# Auto start AND remote start?



## emilysaurus (Sep 10, 2018)

Is there any way to have both the automatic relay function of something like the i-Vac Automatic Vacuum Switch Box AND a remote switch for the same vacuum? For example, I want my table saw and mitre saw to turn the vacuum on when they are started, but I also want to use the vacuum for hand held tools and general cleanup. The vacuum and outlet it is plugged into are hard to reach so I want a remote for the latter scenario.

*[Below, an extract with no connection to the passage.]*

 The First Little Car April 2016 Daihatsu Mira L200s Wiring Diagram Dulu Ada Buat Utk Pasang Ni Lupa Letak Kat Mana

I can’t seem to find anything with both options or evidence of whether putting two different systems in-line would accomplish what want.

Thanks in advance.


----------



## TomCT2 (May 16, 2014)

yes. you can run "parallel" lines to the motor. one from the auto switch, one from the remote switch
BUT they must take power from the same 'leg' (110v) = preferable from the same circuit and observing the properly polarity.

if you power one switch from one leg and the other switch from the other leg of a std 220v residential service, you'll get 220v followed by sparks and smoke.


----------



## FrankC (Aug 24, 2012)

Is this what you are looking for?

https://www.amazon.com/iVAC-Dust-Co..._rd_t=40701&psc=1&refRID=ZDWEEZVA7EM40RN8C7FD


----------